おそらくそれは、運命交響曲に依るところ大なのだろう。運命が戸を叩く音だという、誰もが一度聴いたら忘れられないフレーズに続けて、じつはこの作曲家は耳が聴こえなかったと聞かされれば、人々が受ける衝撃は計り知れない。聴覚障害という「運命」を克服した大作曲家のドラマが、たった四つの音に籠められて、人々の胸を激しく叩く。
もしも、この曲だけが作られていなかったら。「英雄」や「田園」や「第九」はあっても、「運命」だけがなかったら、もしかするとかれは、ここまで広汎に名を馳せることはなかったかもしれない。
ルードヴィッヒ・ヴァン・ベートーヴェン。
祖父は同名で、オランダ人の歌手だった。ドイツ方面へも出入りしており、二十歳ごろ、ケルン選帝侯にその才能を見出された。侯の宮廷のあったボンは、かつての西ドイツの首都でもある。ここで宮廷歌手となり、楽長にまで出世した。よほどの美声の持ち主だったのだろう。
ちなみに、ヴァン・ベートーヴェンの「ヴァン」は、例えばヘルベルト・フォン・カラヤンなどの、貴族をあらわす「フォン」とは異なる。かれの一家は立派な平民であり、ベートーヴェンという姓自体、「農家」を意味する。また、オランダ人で「ヴァン」といえば、どうしてもあの呪われた画家、ヴァン・ゴッホが思い出されよう。
ドイツ語の発音は「ベートホーヘン」に近い。レッド・バロンの異名をとった、第一次大戦時の撃墜王の名が、フォン・リヒトホーフェンであるが、若くして空に散った貴族の飛行家と、五十六歳まで音楽との苦闘を続けたフリーランスの作曲家の肖像を並べてみるのも、一興かもしれない。

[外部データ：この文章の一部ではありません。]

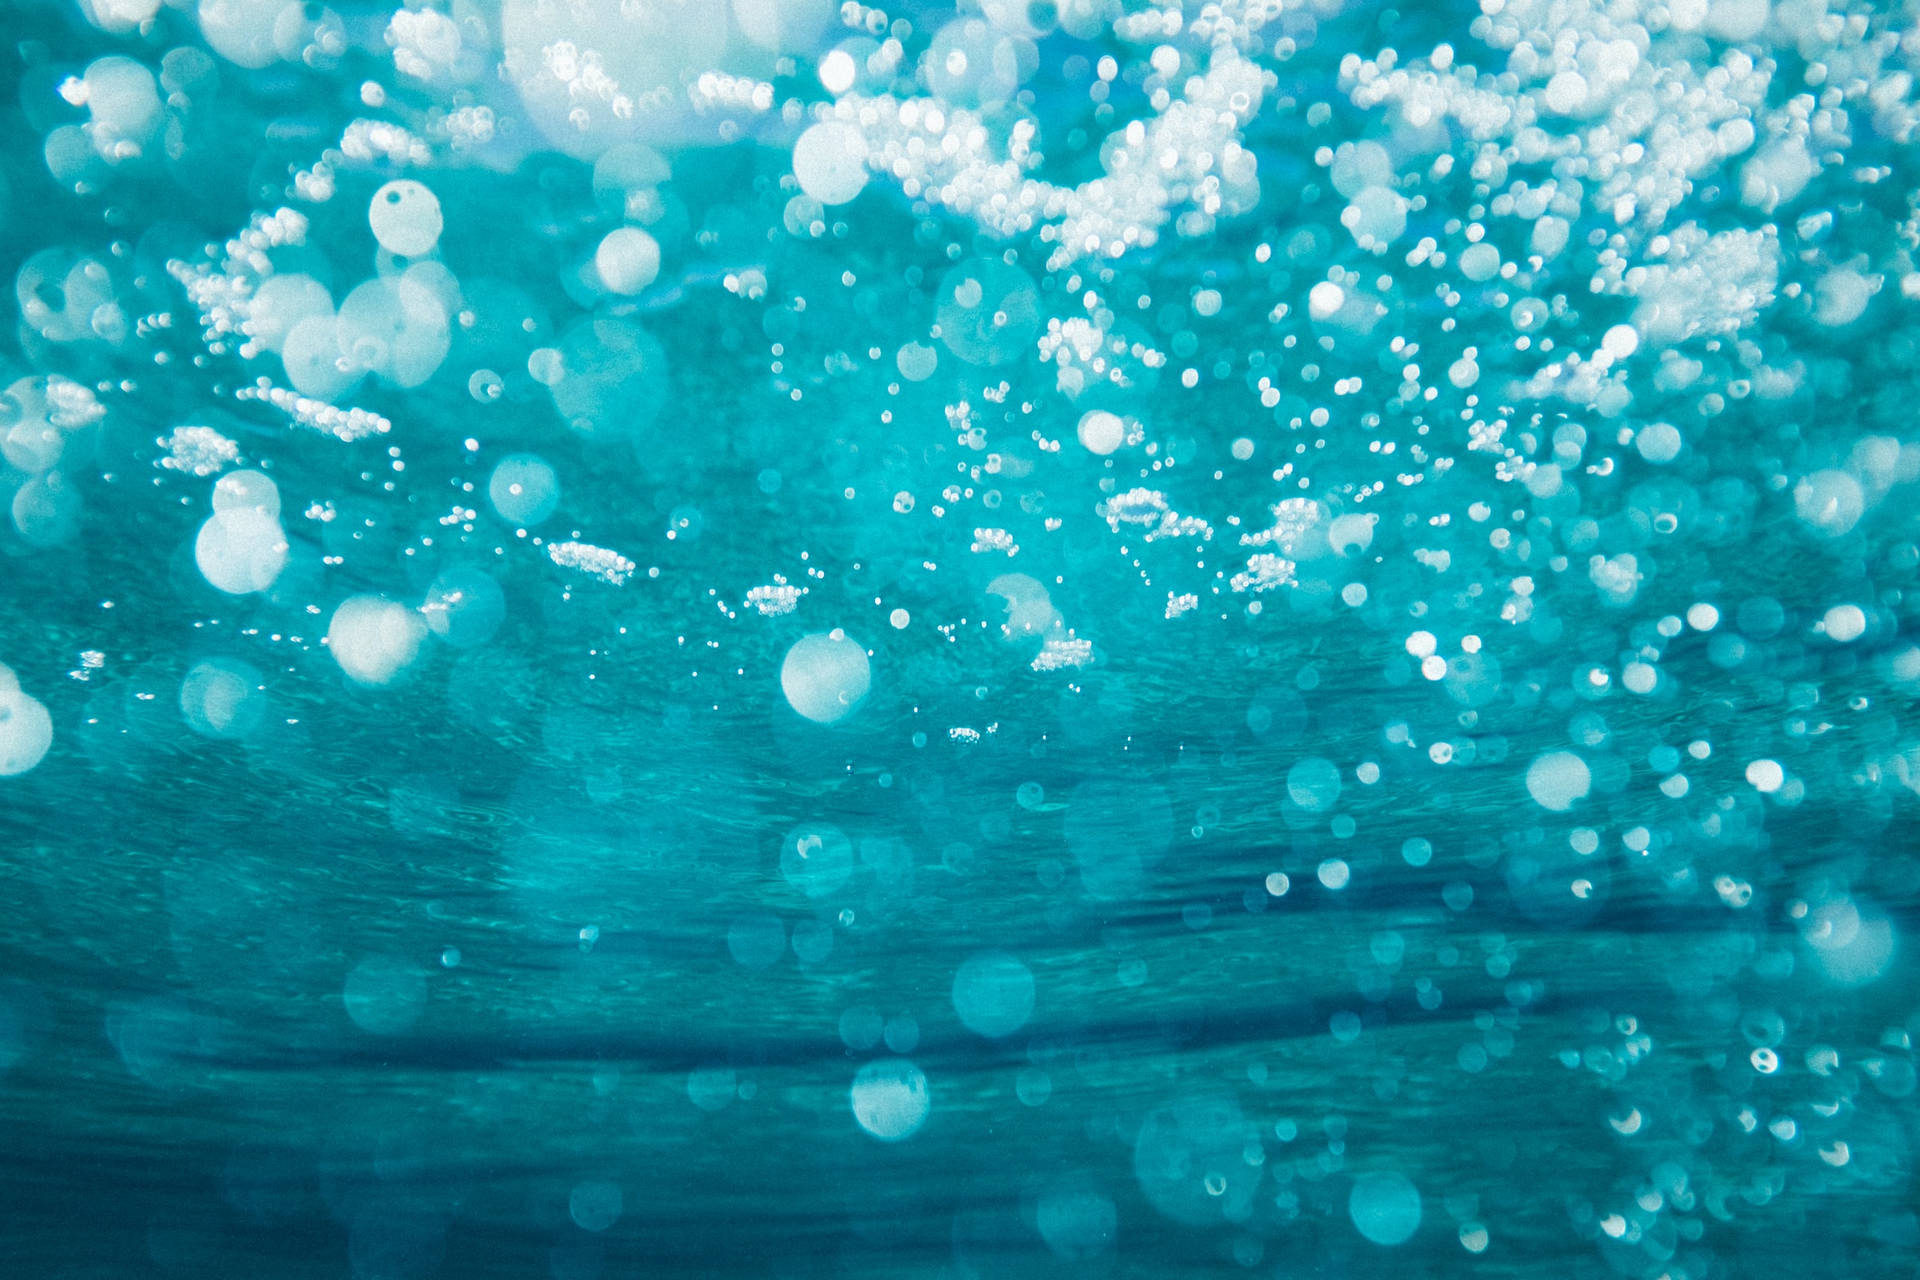 Bubbles In Ocean Blue Waters Wallpaper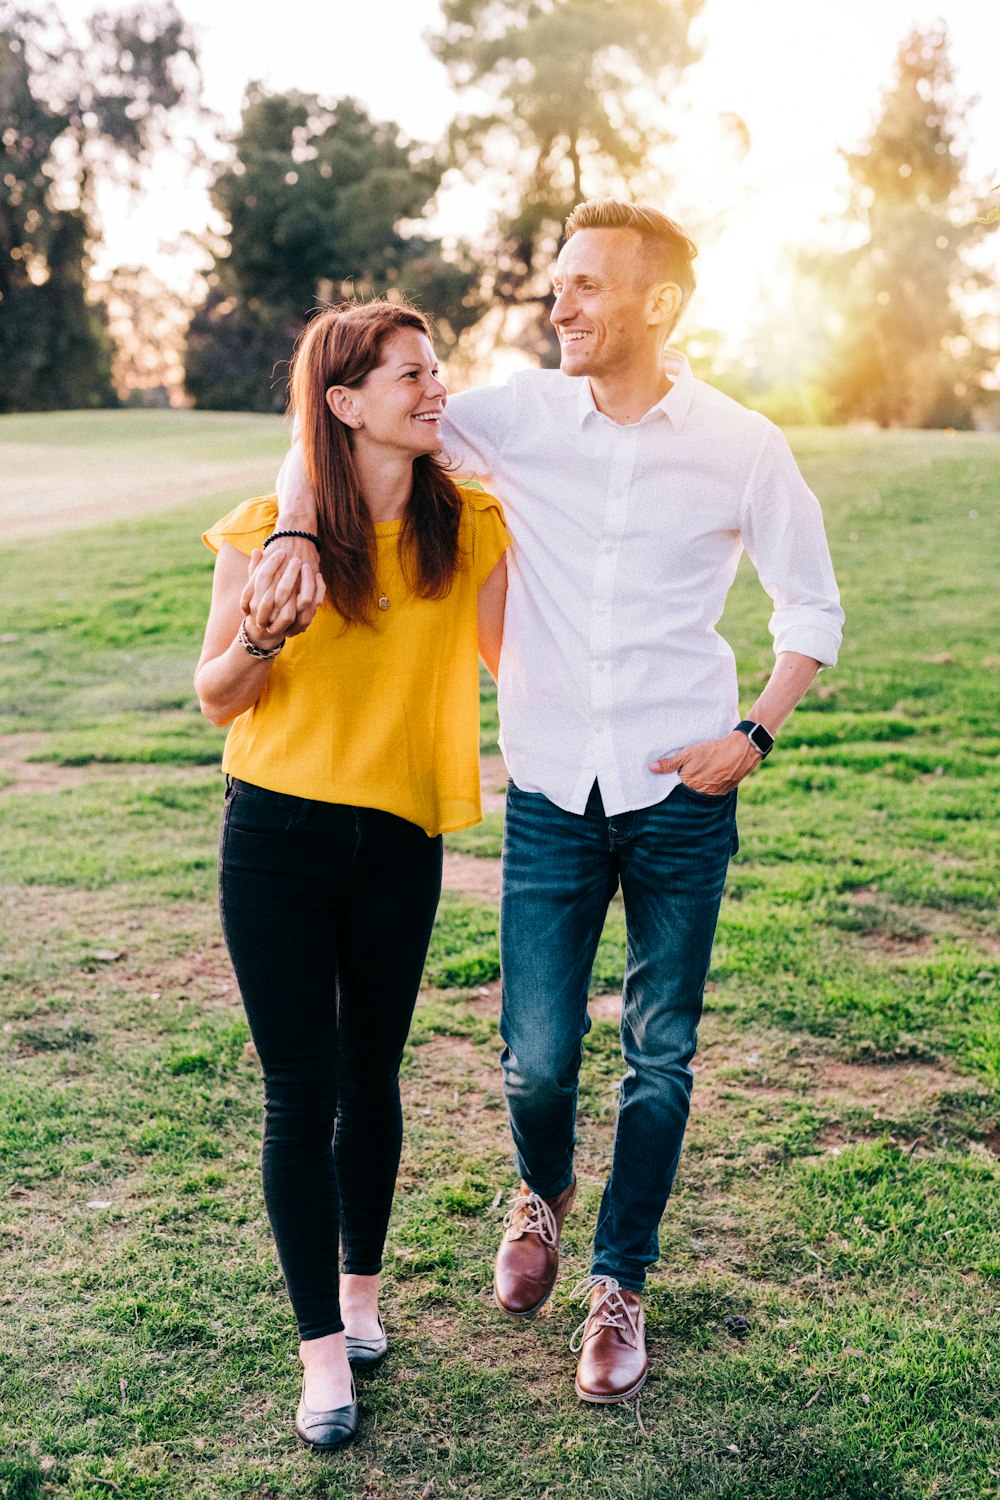 homem na camisa social branca e mulher na camisa laranja de manga comprida em pé na grama verde

楽長の息子、すなわちベートーヴェンの父、ヨーハンもまた宮廷歌手だったが、凡人でアル中だった。父親の反対を押し切ってマリア・マグダレーナという未亡人と結婚した。駄目男の典型と評されるヨーハンに対し、聖母のような優しい女性像が伝わる。同じマリアでも、マグダラのマリアという、娼婦としての伝説が色濃い名が気になるところではあるが。
私は先日、上野の美術館で「法悦のマグダラのマリア」というカラヴァッジョの絵を見た。死体と見紛うほど、蒼ざめた顔。憂鬱そうな表情。胸を大きくはだけた、日本の巫女を想わせる衣装。卵のような、あるいは自身が孕んでいるようにも見える、球形のクッションを抱いて、不自然な角度で首を曲げ、垂直に、半ば閉じた目で天を仰いでいる……一七七〇年十二月十六日、次男のルードヴッヒが生まれた。
云うまでもなく、後の大作曲家である。
その前年。
一七六九年八月十五日。ルイ十五世によってフランスに併合されて間もないコルシカ島では、ナポレオン・ボナパルトという男が生まれている。
さて、ヨーハンは、息子、ルードヴィッヒの楽才に気づくと、一日じゅう一室に閉じ籠め、クラヴィコードの奏法を叩き込んだ。また即興演奏が好きだった息子を叱りつけ、楽譜どおりに弾くよう強要したという。
後にベートーヴェンが名を上げたのは、まずは即興の天才としてだった。乱暴な云い方をすれば、天性のジャズマン! なるほど交響曲第五番が、たった四音から延々と展開してゆくさまは、ジャズを彷彿させる。けれども、幼少時に自由奔放な演奏を禁じられたことは、かれにとってプラスに作用したのではあるまいか。基礎が叩き込まれていてこその即興であろうし、推敲に推敲を重ねる、後年のスタイルへも繋がってゆくのだろう。
一七八七年三月下旬、ルードヴィッヒは初めてのウィーン旅行へ出発した。十六歳だった。
今でこそ独立した国だけれど、当時オーストリアは神聖ローマ帝国に属していた。事実上は複数のクニが分裂した恰好で、ベートーヴェンが生まれたボンに宮廷を構える、ケルン選帝侯も領主の一人だし、モーツァルトと決裂したザルツブルク大司教も、世俗の領主を兼ねていた。むかし「グリム童話」を読んで、どうしてこんなにたくさん王様がいるのだろうと、疑問に感じたものだが、実際にたくさんいたのである。
中でも二大強国が、ハプスブルク家の宮廷がウィーンにあるオーストリア帝国と、ベルリンに首都を構えるプロイセン王国だった。